Frühzeitige Risikoreduktion, glykämische Kontrolle und Gewichtsmanagement

Der aktualisierte ADA/EASD-Konsensus zum Management der Hyperglykämie bei Typ-2-Diabetes (T2D) legt angesichts einer immer besser werdenden Datenlage für die Gruppen der SGLT2-Hemmer und GLP-1-Rezeptoragonisten einen noch stärkeren Fokus auf Organprotektion. Zur glykämischen Zielerreichung sollen diese beiden Substanzgruppen, wenn erforderlich, auch kombiniert werden. Die Rolle des Gewichtsmanagements bei T2D wird ebenfalls betont.

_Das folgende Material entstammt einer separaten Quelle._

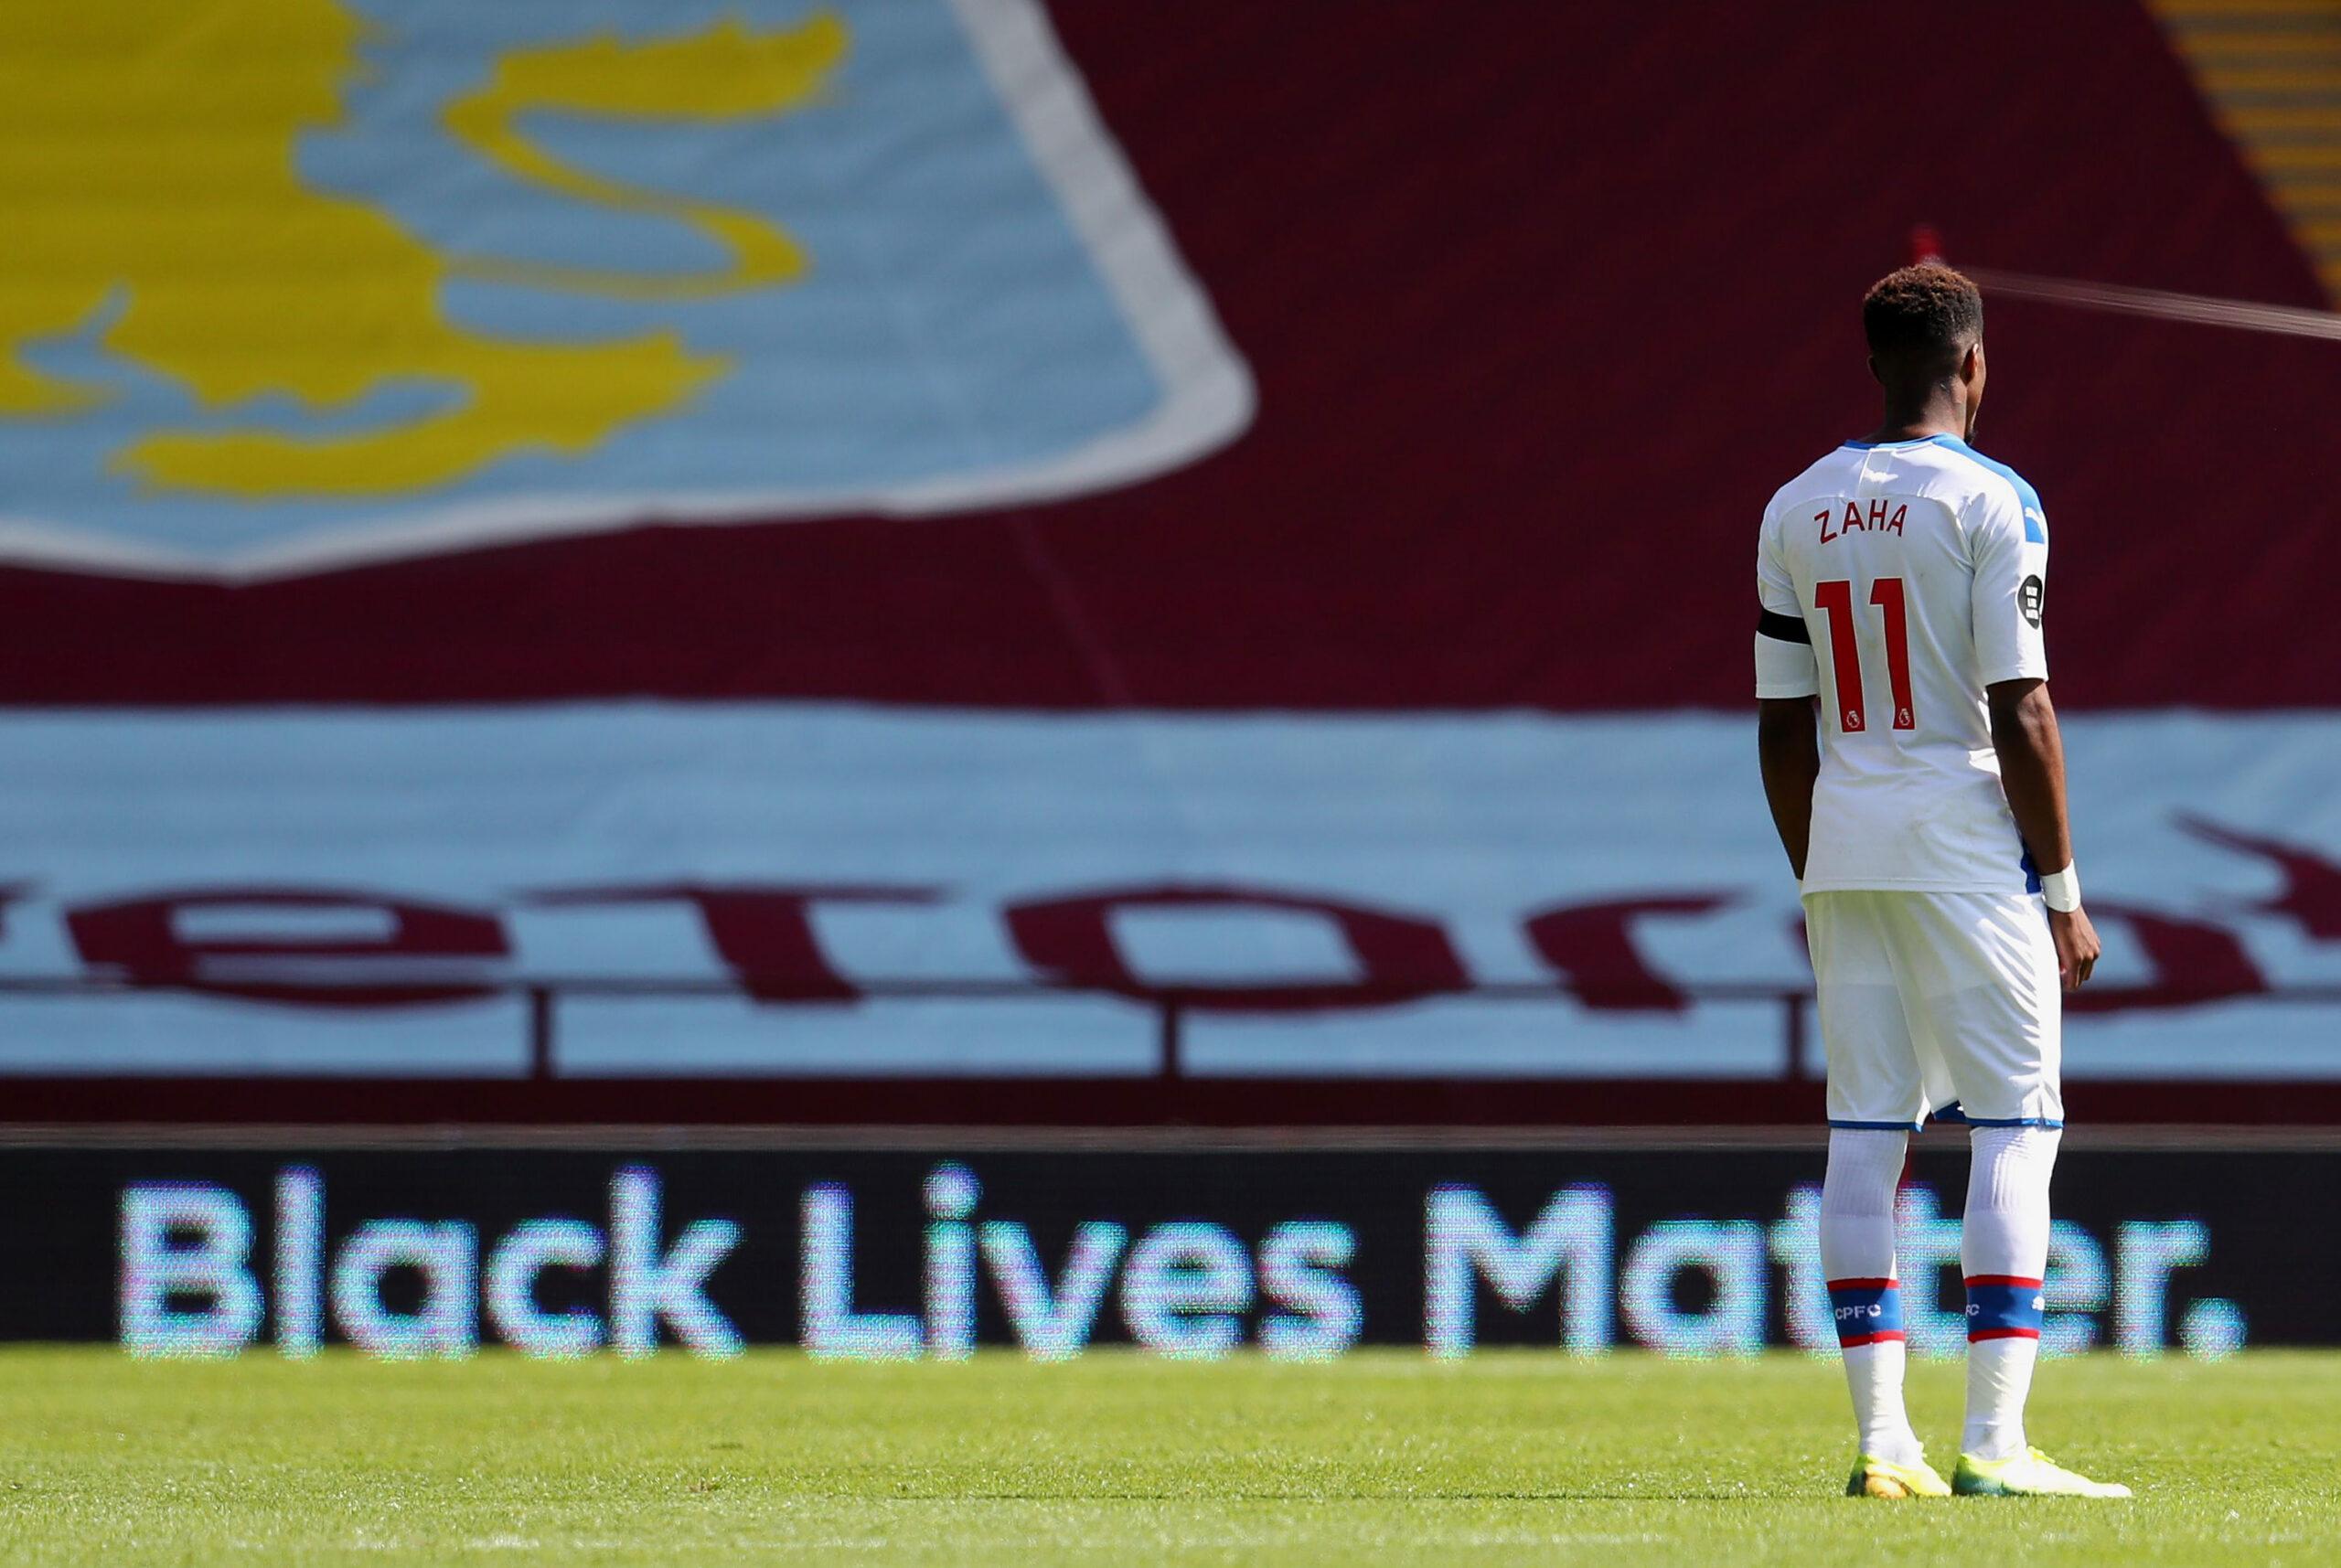 Así juega Wilfried Zaha, un fichaje real para el Atleti

Im Rahmen des EASD 2022 präsentierte eine Gruppe von Expertinnen und Experten der amerikanischen und europäischen Diabetesgesellschaften (ADA/EASD) das aktuelle Update zum „ADA/EASD Consensus on Management of Hyperglycemia in Type 2 Diabetes“. „Die Basis für das neue Dokument war eine umfassende Literatursuche, die mit der Publikation der Letztversion des Konsensus im Jahr 2019 begonnen hat und bis Juni 2022 fortgeführt wurde“, so Prof. Dr. Melanie J. Davies vom Leicester Diabetes Centre. Im aktuellen Konsensus wird nicht nur ein aktualisierter Therapiealgorithmus definiert, es wird auch stärker auf die Bedeutung des Gewichtsmanagements, auf soziale Determinanten und auf die Möglichkeiten einer holistisch-patientenzentrierten Therapie eingegangen.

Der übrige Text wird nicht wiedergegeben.